Sporting Chance
- Founded: 1 September 2000
- Founder: Tony Adams
- Location(s): Liphook, Hampshire and York, North Yorkshire;
- Website: www.sportingchanceclinic.com

= Sporting Chance Clinic =

UK mental health organization

Sporting Chance (sometimes referred to by its original name, Sporting Chance Clinic) is a registered UK based charity.

Formed in September 2000 and set up by former Arsenal and England football captain Tony Adams, Sporting Chance provides support to current and former professional athletes for mental and emotional health problems and treatment of addictive disorders.

On 27 September 2013, it was announced that former CEO Peter Kay had died aged 52.

== Services ==

===One-to-one therapy and triage===

Sporting Chance offers access to a national network of therapists and counsellors, all are vetted as to their qualification, specialism, place of practice, that they are suitably insured, that they maintain personal supervision and of course, their geography. Sporting Chance’s diligence process mirrors that of the BACP (British Association of Counsellors and Psychotherapists) and the UKCP (United Kingdom Council for Psychotherapy). This service can be accessed through a stakeholder referral or directly via a 24-hour telephone line. This service delivers talking therapy and treatment solutions to a wide range of mental and emotional health presentations. Over a thousand current and retired professional athletes will use this service each year.

===Residential treatment for addictive disorders===
Sporting Chance provides the only residential treatment facility in the world for the treatment of addictive disorders exclusively working with professional athletes, based at Forest Mere Country Club near Liphook, Hampshire. The treatment models are suitable for those presenting alcohol, substance and gambling problems, which are considered symptoms of an addictive disorder. There are 3 treatment programs delivered over different time spans, these are 5, 12 and 26 days. All are fully residential and tailored to an athlete, providing facilities and activities to enable any athlete to maintain the level of physical fitness they require to compete. The system is based on the twelve-step program of Alcoholics Anonymous. The aim is to provide a safe environment where the addict can begin a new life free from the drug or behavior pattern that has been damaging them, their families and their sporting life. The philosophy is based on Adams's own experiences of his requirements as an athlete in his own recovery from alcoholism.

===Education and training===

The charity delivers education seminars and workshops to a range of audiences across sport, primarily the athletes themselves but also those who work directly with athletes and those who work for the leagues and governing bodies that run the sports in which the athletes take part.
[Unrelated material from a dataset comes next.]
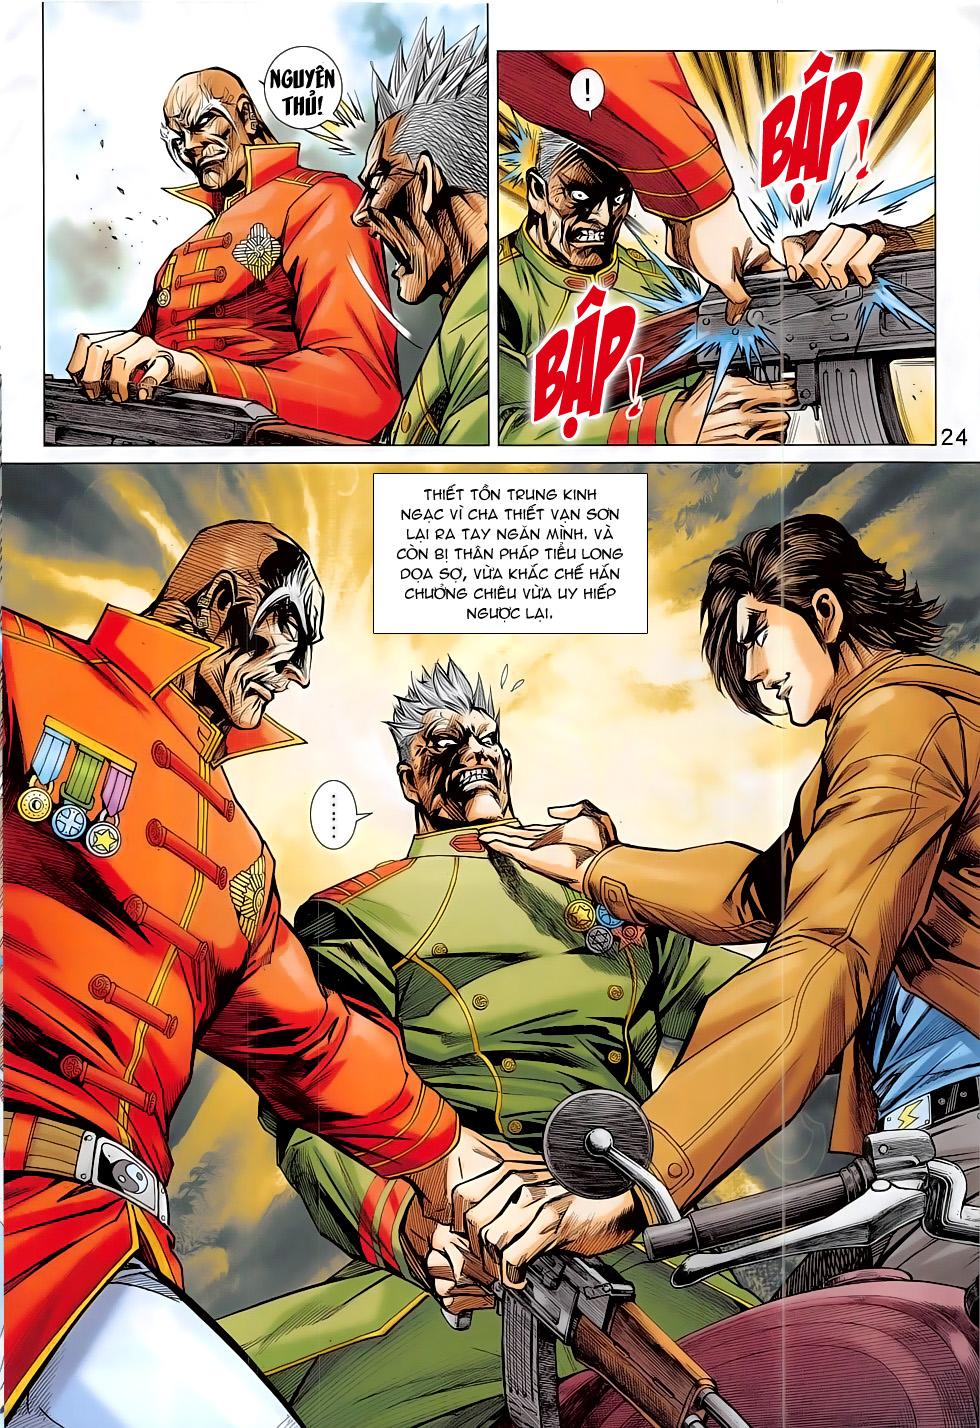 Tân Tác Long Hổ Môn chap 794 Trang 24 - Mangak.info

All content is tailored to the audience it serves taking into account the sport, the age group, audience members' roles within the sport and any potential learning blocks within the group. Subjects discussed include general mental health and wellbeing in a sporting context, transition, emotional resilience, the impact of social media, problematic gambling, illicit substance use and addiction.

== Patrons ==
The patrons include ex-Sports Minister Kate Hoey, former professional footballer Lee Dixon, Tony Smith, Irish Jockey Sir A.P McCoy, athlete Dame Kelly Holmes and musician Sir Elton John.

== Stakeholders ==
The clinic is supported by various sporting bodies and institutions including the Professional Footballers' Association, The Premier League, The Football Association, The Professional Cricketers' Association, Rugby League Cares, The Professional Jockeys Association.